Я искал в траве и возле ручья. Я кричал ее имя древесным жабам и малиновкам, западному ветру, заходящему солнцу и окрестным горам. Ответом мне было только эхо. Я настолько обезумел, что выскочил на самый край кладбища, к отвесному обрыву, и стал смотреть вниз, каждое мгновение боясь увидеть ее безжизненное тело распростертым на камнях.
Ну не могла же она бесследно испариться! Я продолжал свои отчаянные поиски, пока не обратил внимание на куст рододендрона. Он находился ярдах в пятидесяти от того места, где я в последний раз видел мисс Маркис. И вдруг за частоколом почти оголенных ветвей я увидел женский башмак и часть ноги. Я бросился туда, продираясь сквозь упрямые ветви… На холодной каменистой земле лежала бледная Лея Маркис.
Я опустился перед ней на колени и замер, перестав даже дышать. Ее голубые глаза были полуоткрыты, но они не видели меня. На губах блестела пенистая слюна. Ее тело вздрагивало в судорогах. Ничего подобного я еще никогда не видел. Надо ли говорить, как я перепугался за жизнь мисс Маркис?
Она находилась без сознания. Я застыл рядом и с тревогой ждал, что будет дальше… Постепенно судороги ослабли, и (о счастье!) к ней вернулось обычное дыхание.
Потом слегка качнулись ее веки, дрогнули ноздри. Хвала небесам! Она была жива!
Лицо мисс Маркис оставалось совершенно белым. Падая, она сбила свою прическу, и теперь локоны ее волос беспорядочно покрывали лоб. Но ее глаза, мистер Лэндор! Ее голубые глаза были устремлены на меня – дикие, чувственные.
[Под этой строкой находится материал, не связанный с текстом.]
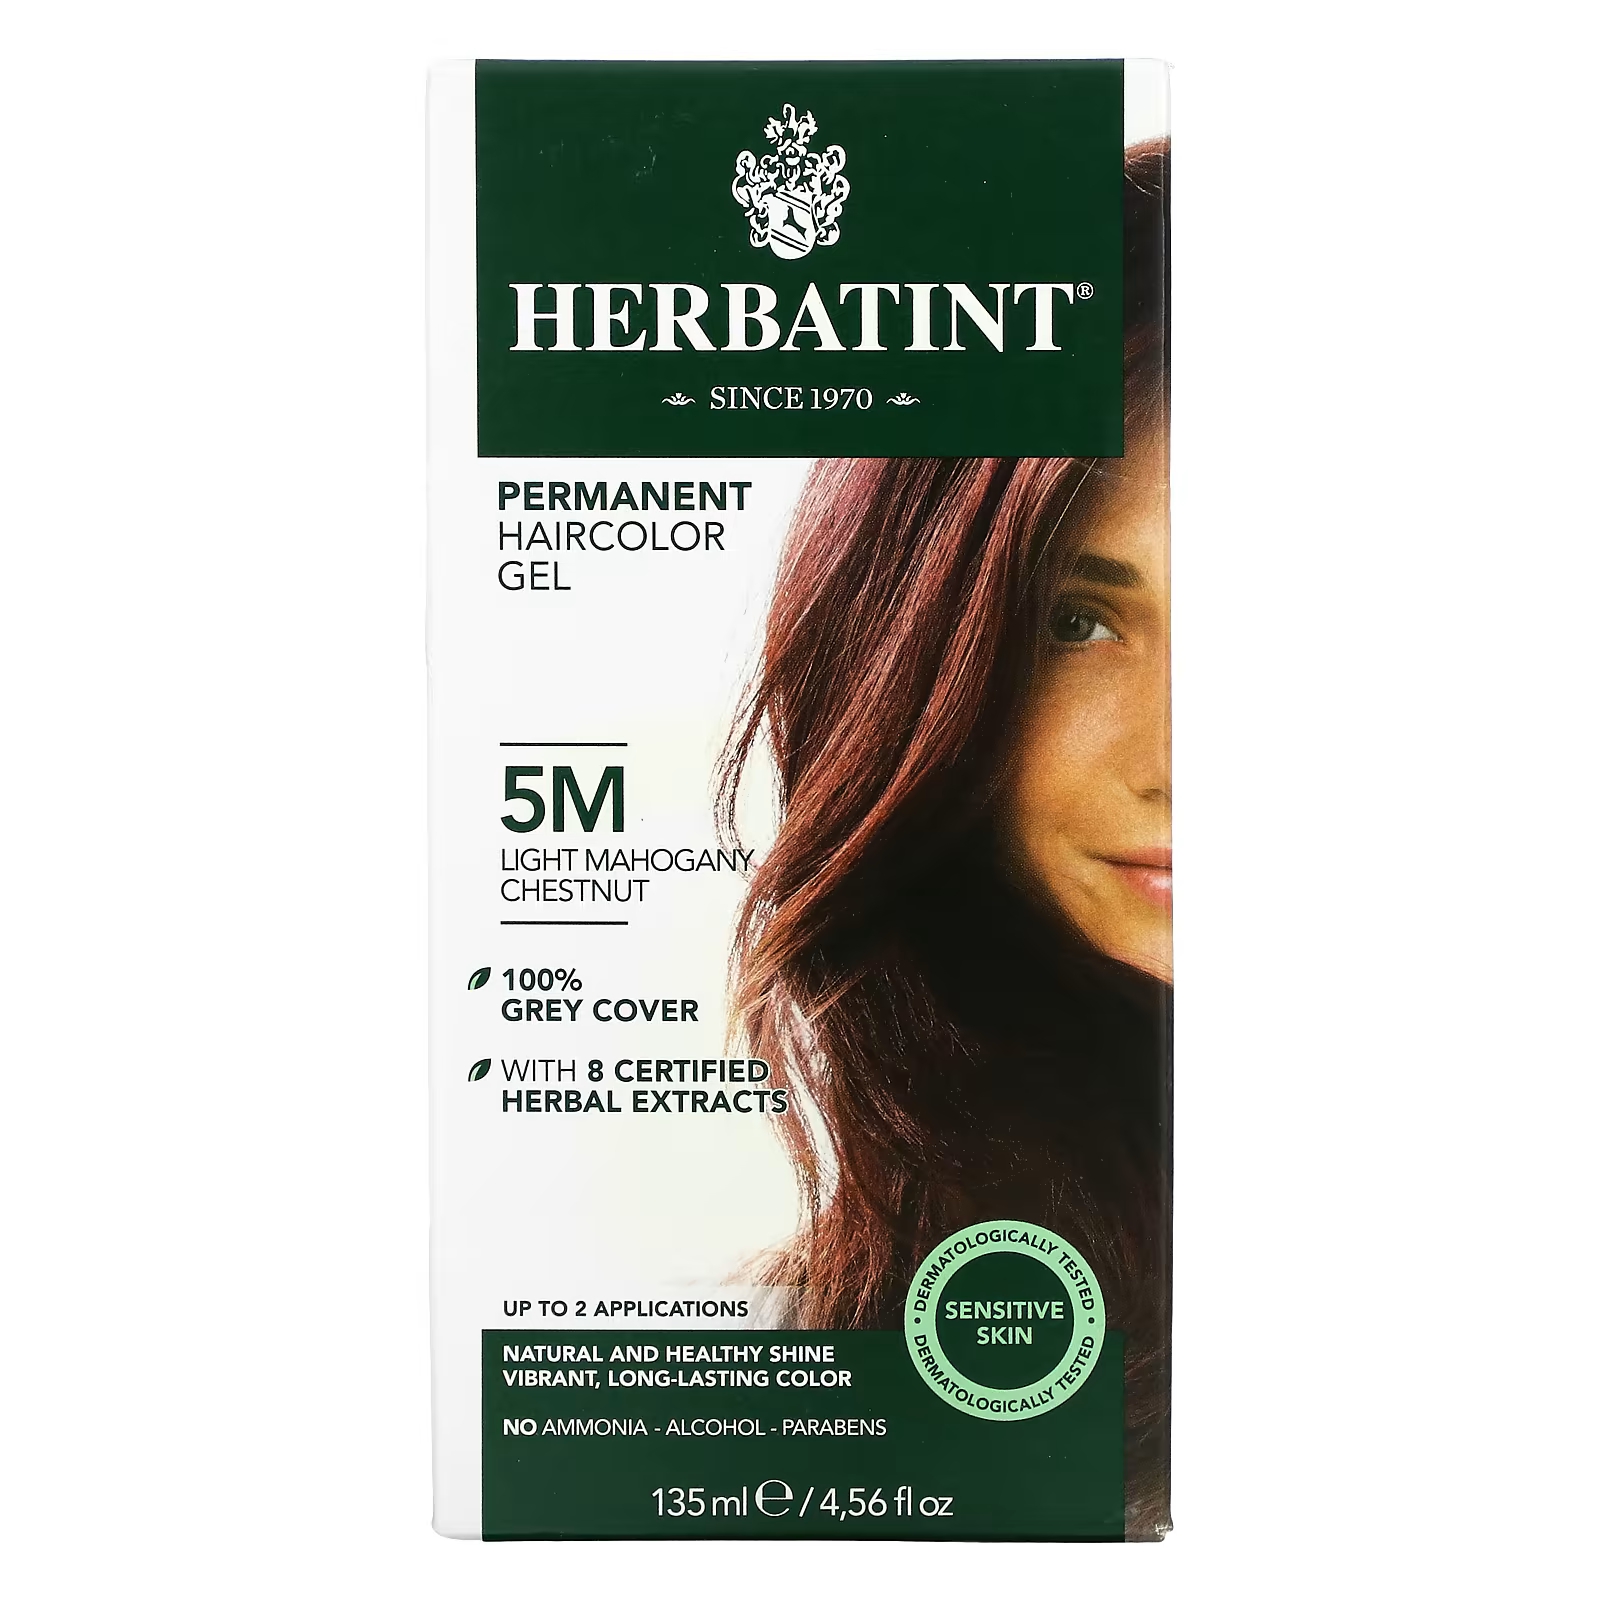 Перманентная гель-краска для волос Herbatint 5M светлый махагони-каштан, 135 мл herbatint перманентная гель краска для волос 5c светлый пепельный каштан 135 мл 4 56 жидк унции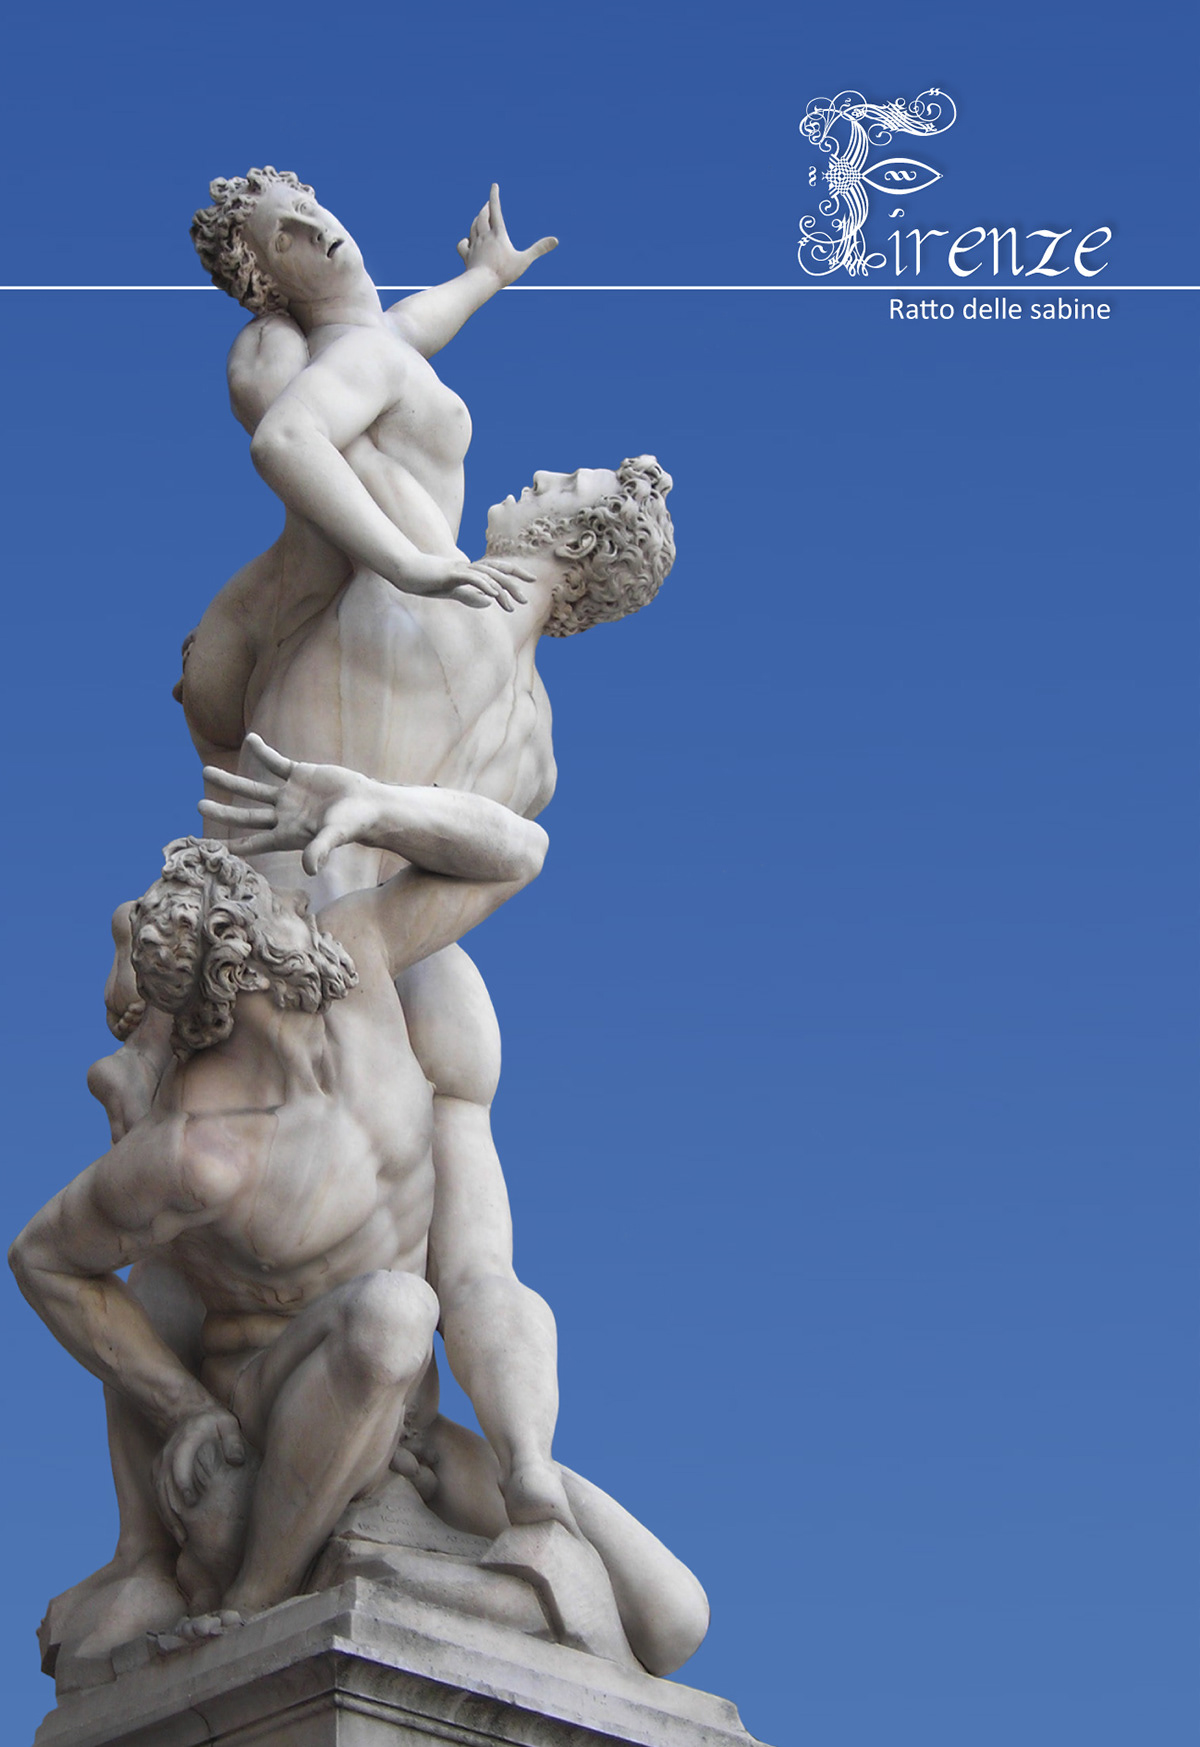 postcard Florence Italy Alessandro occhipinti photo statues david Michelangelo ercole pirro polissena ratto sabine

Они беспрестанно что-то говорили. Эти перемены в ее состоянии меня не испугали. Что же касается остального… Я вполне допускал, что, падая, мисс Маркис могла задеть плечом за куст и порвать свое платье. На запястьях виднелись глубокие царапины от ногтей, некоторые из них кровоточили. Правый висок также был поцарапан – вопиющее святотатство против безупречных очертаний ее благородного лба.
– Мисс Маркис! – позвал я.
Если бы у меня в запасе была тысяча лет жизни и бездна слов, то и тогда я бы не смог описать всю лучезарность улыбки, появившейся на ее прекрасном перепачканном землей лице.
– Я так виновата перед вами, – сказала она. – Вы не могли бы проводить меня домой? Мама всегда беспокоится, когда меня долго нет.
Рассказ Гэса Лэндора
19
17 ноября
Я лишь грустно улыбнулся, дочитав до конца отчет По. Парень не виноват, что не распознал симптомов. У него в семье не было священников, а их нередко зовут для исцеления этой болезни. Даже моего отца, который скорее заморозил бы чью-то душу, чем исцелил ее… даже его весьма часто приглашали по такому поводу. Я особенно хорошо помню одно семейство. У них была ферма в соседней долине. Всякий раз, когда с их сынишкой случался припадок падучей болезни, они хватали бьющегося в судорогах ребенка и спешили к моему отцу, требуя чуда. Ведь сказано же в девятой главе Евангелия от Марка, что Иисус исцелил мальчика, страдавшего падучей. Может, и преподобный Лэндор с Божьей помощью попробует?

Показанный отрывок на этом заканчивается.